There WAS a lot of debate a number of years ago about password_hash and the bad practice of pulling the password -- even hashed -- from the database to be checked instead of keeping all password access mono-directional. Those who opposed it were shouted down and kicked out of contributing to PHP's future.
I still maintain that pulling the hash from the database is just plain stupid. Hence my approach remains to use the hash() command with something like sha256 if speed is a concern, sha512 or whirlpool if I want the best of the best of the best. You want to test for login, you hash the pass and test for equality in the query.
I also dislike how password_hash plays loosy-goosy mix and match of password formats, defeating any point of "hey don't use that algo anymore" that it ALLEGEDLY brings to the table. That a new algo isn't blanket applied or warnings aren't thrown to say to do so means you're still stuck manually changing algo's, at which point why bother with these functions in the first place?
Also when it comes to the database connection (PDO) is it best to keep that secured within a function? and not just generally connect and pass it around via a variable such as $DB?
Uhm, those are the same thing in terms of good practice -- you connect to it locally, then you pass $db only to FUNCTIONS that require its use. This is part of why library files should contain functions and NOT directly execute code.
(Something I wish they'd drop from being a thing in PHP altogether is that includes are in scope and directly execute code!)Hence my programs usually have a "main" function in their "one index to rule them all"
function main() does the following:
$db = connect to database
test for / log in user, passing $db to user object
load settings from passing $db to settings singleton
include the template
determine the user request type
include request handler, passing $db to request handler object/singleton
// do not pass $db past this point. Various PDOStatements would hold the results
template_header();
run request handler output function/object method which in turn calls its template
template_footer();
die(); // prevent further code execution, makes code appendages on index be dead code.
Then I run main() right after it is created.
This gives me granular control over what has access to the database and what does not, and since I write single index.php to handle all requests it gives me a single entry vector. Even if accidentally included/requried or run directly, NONE of my other library files can give away or do anything nasty as all they contain are functions and objects.
To me that's good practice. To folks who like things like turdpress that's "too hard" or "too restrictive" or "too smart" for them; what with their putting the security information for the database connection into DEFINE; super-global scope where they cannot be deleted, and hence 100% herpafreakingderp. I've seen so many PHP tutorials even advocating that approach and it's like "what the **** is wrong with you people?!?"
One of the BIGGEST security flaws in PHP architecturally is how includes are blindly just read in and run, meaning the language has no proper library model.
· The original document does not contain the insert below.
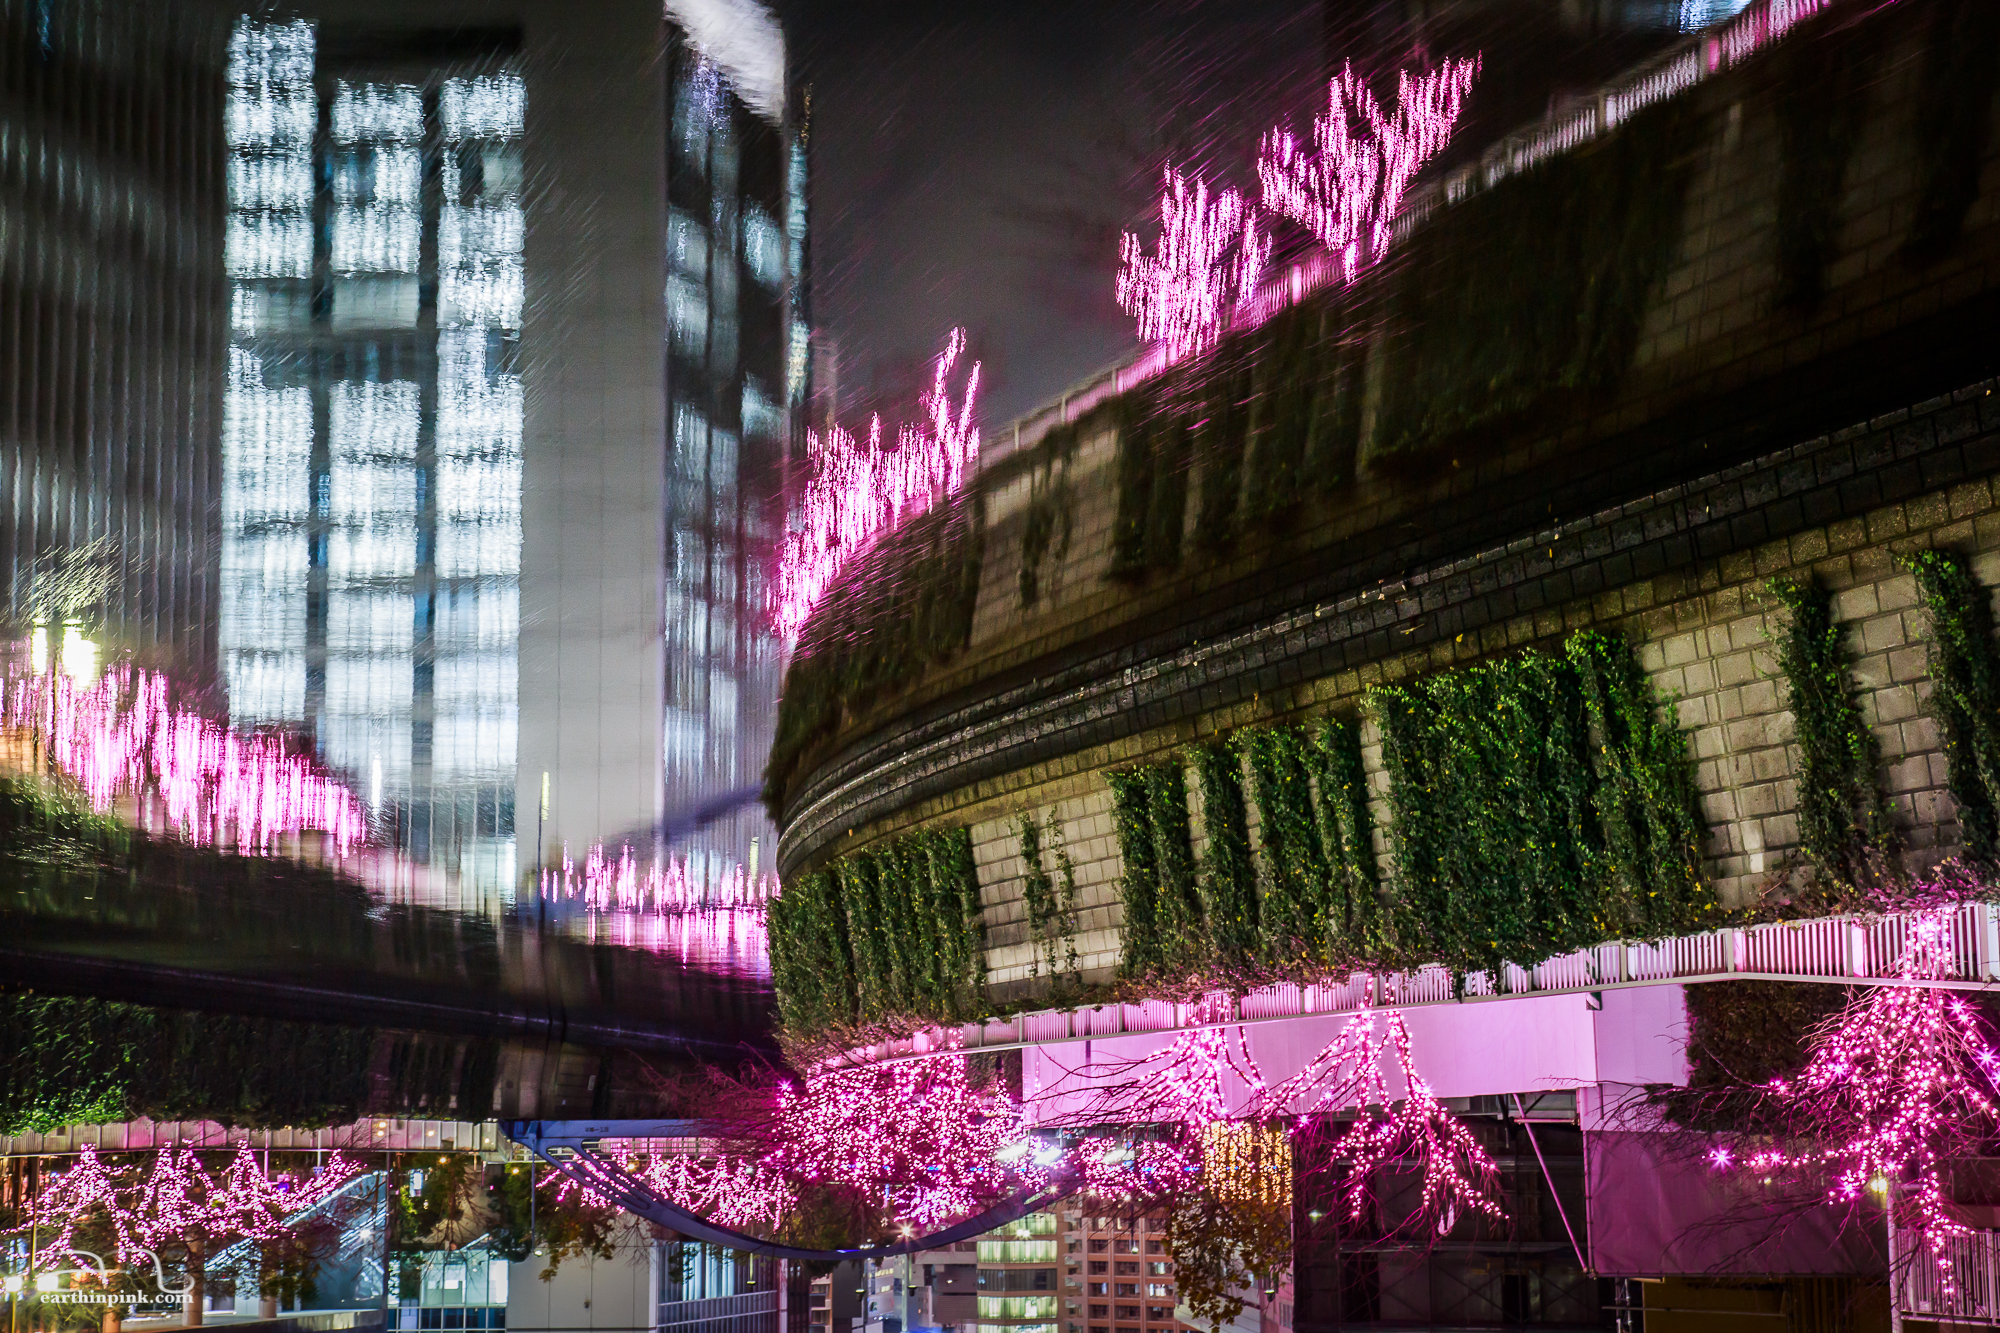 An upside-down photo of the cherry trees dressed in pink lights, reflected in the Meguro river. Because of the long exposure, you can see little streaks of light as the water is flowing.

Includes are automatically in scope to where they are called, they will just run the code included with zero concern for security be they included or called directly, it's a sloppy implementation at best.
Hence I even use this derpy routine:
function safeInclude($file) { include($file); }For including libraries JUST so I can break scope -- the scope of the include becomes safeInclude instead.
Because the fact I can do this:
<?php
// test.php
$test = 'stupid';
include('stupid.php');
<?php
// stupid.php
echo $test;
... and it will work? That's "scope bleed" and it's absofragginglutely dumbass.
But again, my bread and butter for a decade was programming Ada for the fed. It gives me a very different outlook on what's secure and what's not.
Hence my own laundry list for "fixing" PHP's security woes?
1) remove all PHP shorttags. If it's .php it contains PHP code. No more of this willy-nilly <?php ?> rubbish or letting markup be interspersed without a direct echo command.
2) library files included or required can/should only contain functions or objects. No more "blind output" from an include.
3) stop allowing file functions like file_get_contents, readfile, fopen, and so forth to read or write to PHP includes / library files.
4) ditch double-quoted string support as well as confusing trash like heredoc/nowdoc. Not only are they less efficient, they're harder to read and often seem to cause either variables for nothing if proper escaping (htmlspecialchars for example) is done, or making people not even bother escaping opening up security holes.
But when I proposed these fixes over a decade ago, I got yelled at. THEN people wonder why I have an attitude about this ****!